__What the exercise asks__. The line with "Orange Juice Images", the line with "One Piece protagonizará", and all lines between them in the material below: return these exactly, and no others.

__Records provided__.
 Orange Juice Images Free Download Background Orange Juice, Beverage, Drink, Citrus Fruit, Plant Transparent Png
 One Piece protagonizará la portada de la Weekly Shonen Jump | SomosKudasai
* * *
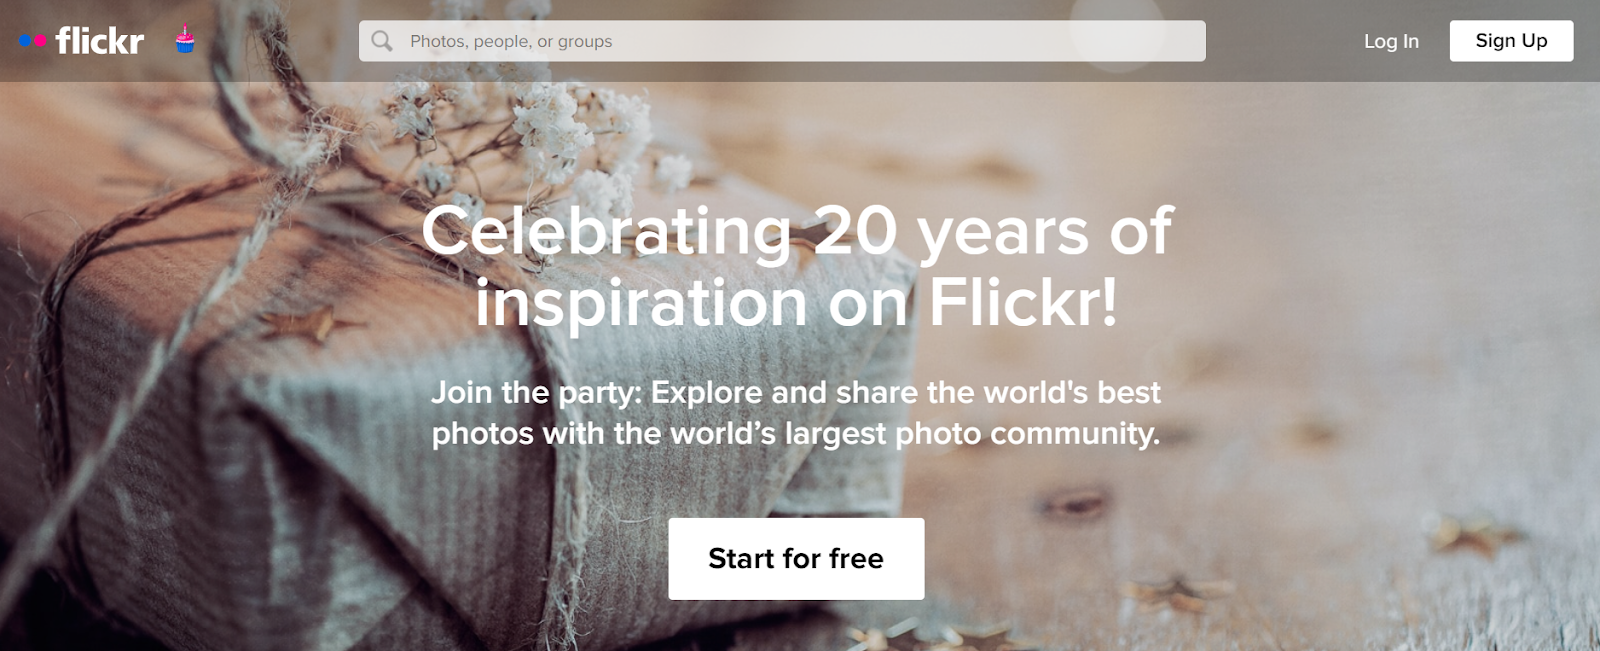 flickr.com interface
--
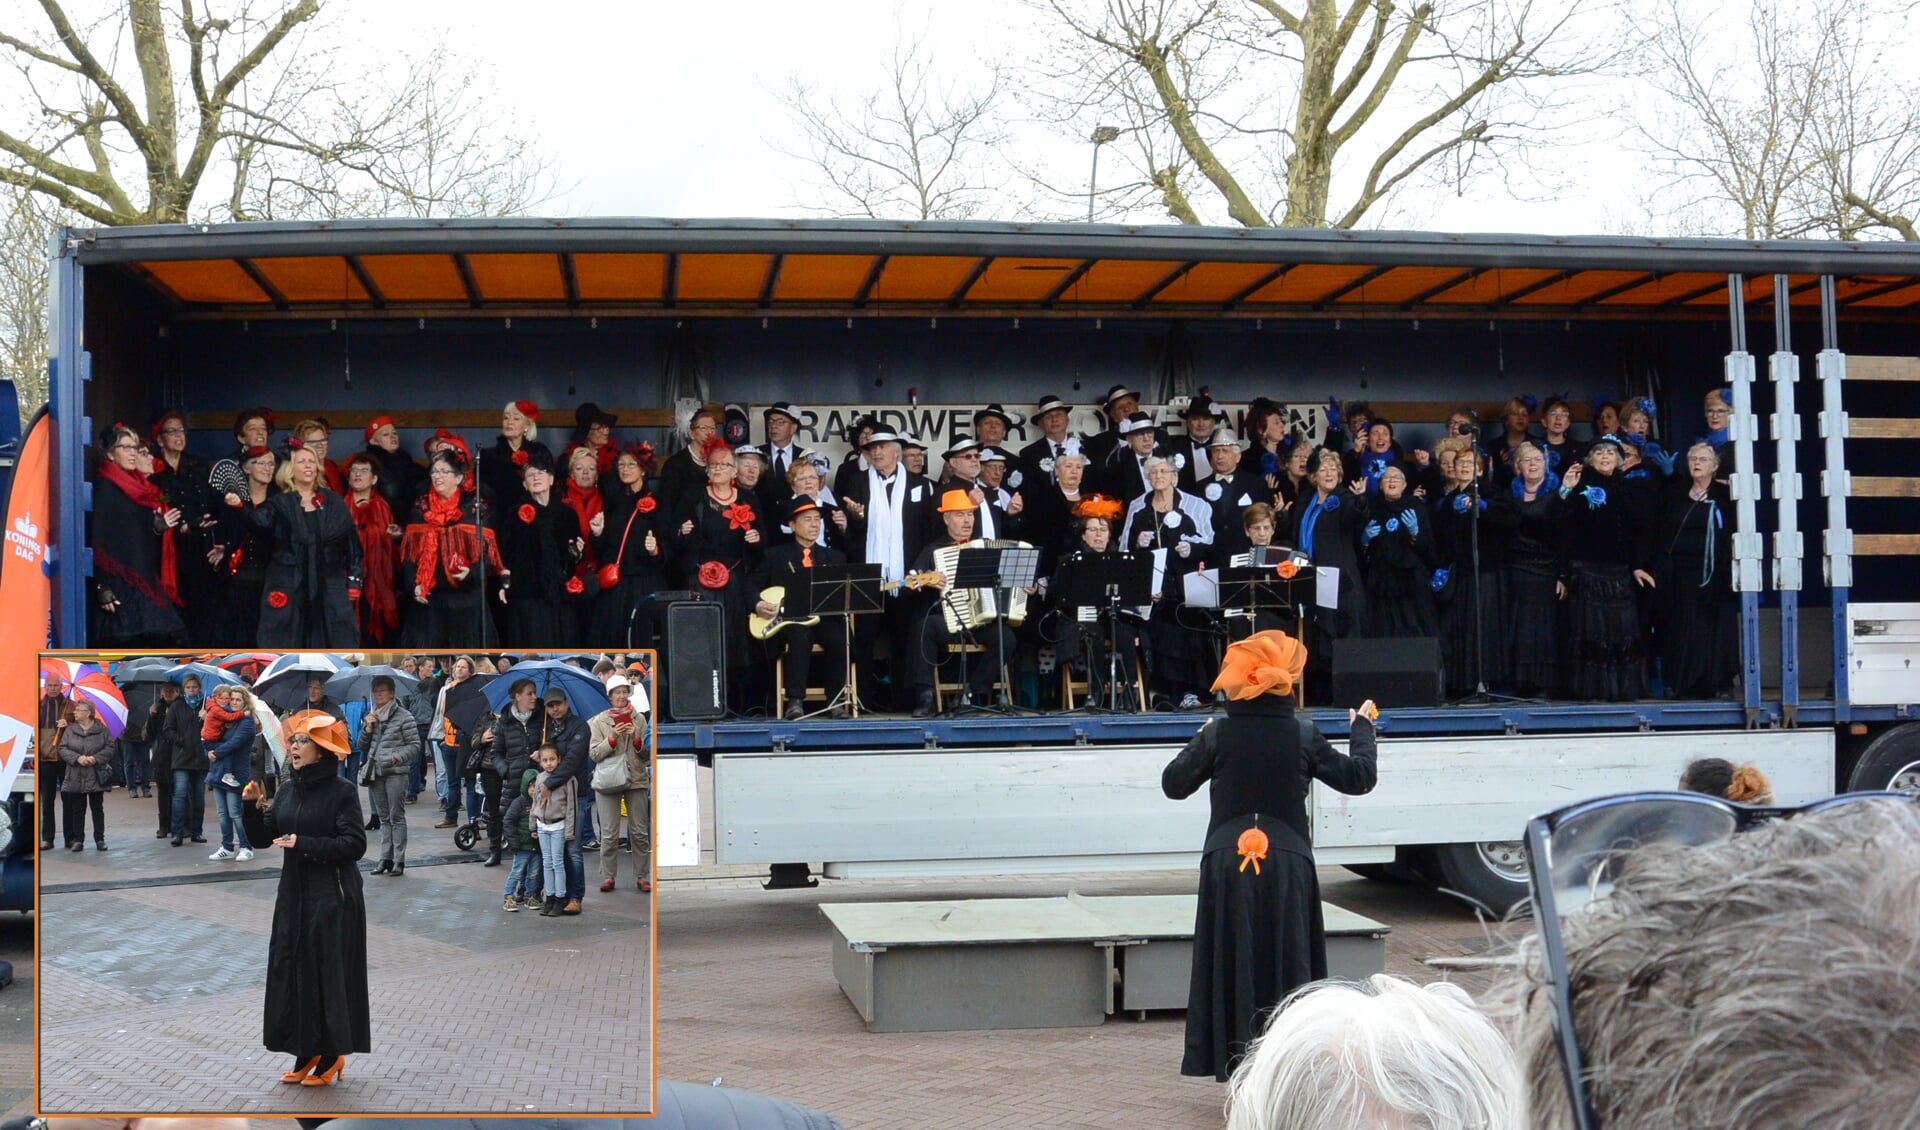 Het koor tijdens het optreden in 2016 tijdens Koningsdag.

__Task answer__.
 Orange Juice Images Free Download Background Orange Juice, Beverage, Drink, Citrus Fruit, Plant Transparent Png
 One Piece protagonizará la portada de la Weekly Shonen Jump | SomosKudasai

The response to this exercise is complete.